Chapitre premier :
Idéal-typification des organisations de
soirées
techno et le problème de l'usage des
typologies
I. L'intérêt d'une
idéal-typification
Pour construire un objet de science, j'ai rattaché les
organisations particulières dans l' "organisation" avec tout ce que
chacune comprenait d'éléments spécifiques. Ensuite, il a
fallu classer tout ces éléments de manière à y
apporter une logique scientifique. Au moyen de la sélection, j'ai
réussi à dégager les éléments les plus
pertinents pour tracer des figures plus typifiées.
Bien entendu aucune organisation particulière ne
correspond à un type conceptualisé. Le travail du chercheur n'est
pas de restituer à chaque interlocuteur ce qu'il fait au plus proche de
ce qu'il pense qu'il fait mais de clarifier une situation pour que celle-si
soit plus compréhensible pour tous. Ainsi, il convenait de puiser chez
un père de la sociologie, Max Weber, le concept d' "idéal-type",
afin de mieux mettre en évidence les figures les plus repérables
de l'organisation de soirées techno. Idéaliser en partie les
données reccueillies permet de faire la distinction
d'éléments, qui, dans la réalité, sont
imbriqués par rapport aux institutions et aux comportements des
individus.
"L'idéal-type est un tableau de pensée, il
n'est pas la réalité historique, ni surtout la
réalité "authentique", il sert encore moins de schéma dans
lequel on pourrait ordonner la réalité à titre exemplaire.

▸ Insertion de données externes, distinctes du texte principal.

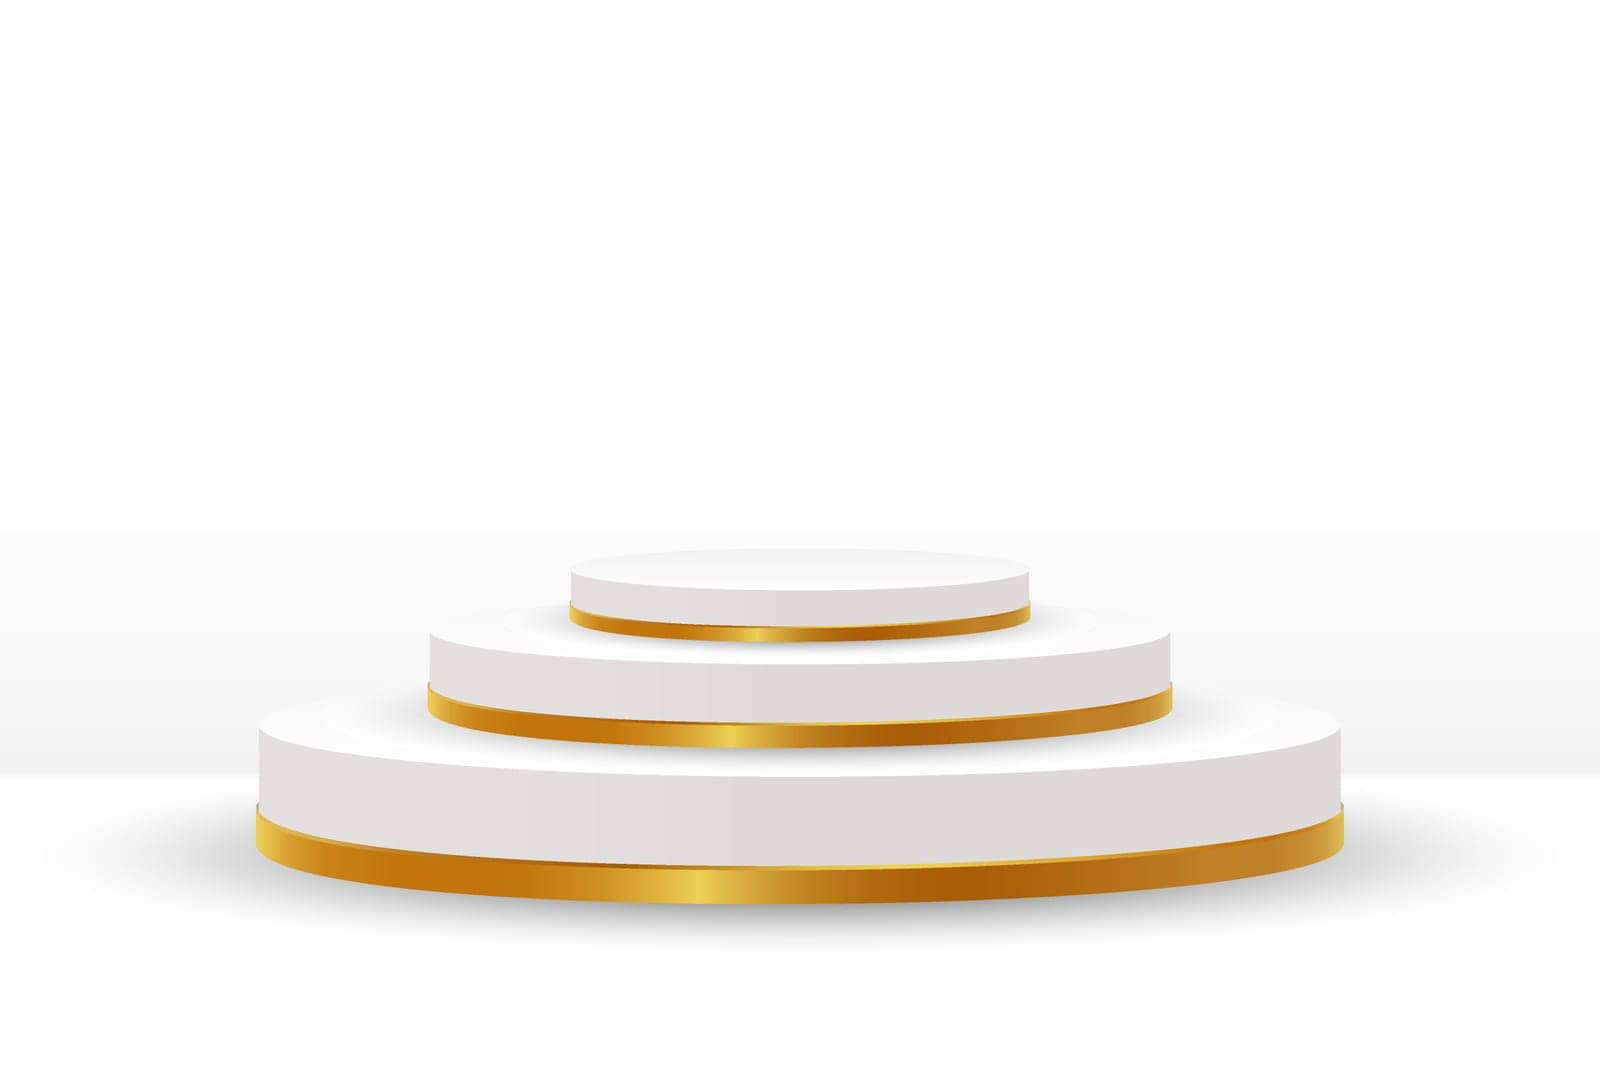 White podium with gold trim on a white background. 3d illustration, vector

Il n'a d'autre signification que d'un concept limite purement idéal,
auquel on mesure la réalité pour clarifier le contenu empirique
de certains de ses éléments importants, avec lequel on la
compare"29 (Blin T., 1995). L'idée
développée par Thierry Blin concourt aux précautions que
doit prendre le chercheur lorsqu'il mobilise un tel outil pour à la fois
comprendre la réalité et transmettre sa réflexion. Ainsi,
pour éviter la démarche réductionniste consistant à
ne voir la réalité qu'au regard de l'idéal-type, son
auteur a le devoir d'expliciter le résultat de son enquête de
terrain, le déroulement de sa pensée et l'objectif d'une telle
entreprise.
La typologie que je vais proposée s'éloigne
cependant quelque peu de la "pureté" exigée par l'idéale
typification. Elle rend compte à la fois d'une typologie mise en
évidence par les recherches accomplies sur la fête techno et d'une
autre typologie mise en évidence sur les musiques populaires. Nous
allons donc tout d'abord présenter ces deux typologies avant de tenter
d'en construire une qui conceptualise les organisations de fêtes techno
observées.
II. L'usage de typologies antérieures pour
construire une typologie de l'organisation de la fête techno
Stéphane Hampartzoumian distingue deux types de mouvements
techno distincts sur le critère du rapport à la loi à la
suite de la rupture du mouvement techno en 1996. "Appelons
sédentaire la
29 Blin T., Phénoménologie et
sociologie compréhensive sur Alfred Schütz, L'Harmattan, 1995,
p.88
première tendance du mouvement techno qui oeuvre
à institutionnaliser la techno, et nomade la seconde tendance qui oeuvre
à désinstitutionnaliser la techno. Cette distinction conceptuelle
empruntée à Gilles Deleuze et Félix Guattari permet de
mieux penser cette complexité interne du mouvement
techno."30 La tendance nomade se définit donc par le
caractère clandestin des fêtes techno et la défiance envers
toute autorité. Elle est appelée "nomade" car le mode de vie
nomade est un obstacle à son institutionnalisation. "La fête
techno nomade est délibéremment une effraction et une infraction,
elle ne s'autorise que d'elle-même31 ". La tendance
sédentaire promeut au contraire l'institutionnalisation du mouvement
techno et le dialogue avec les autorités, notamment par
l'intermédiaire de représentants. "Processus voulu autant par
les institutions, qui préfèrent intégrer le
phénomène techno plutôt que de le voir se développer
en dehors de leurs compétences, et de la part d'une partie des acteurs
techno qui aspirent légitimement à se professionnaliser"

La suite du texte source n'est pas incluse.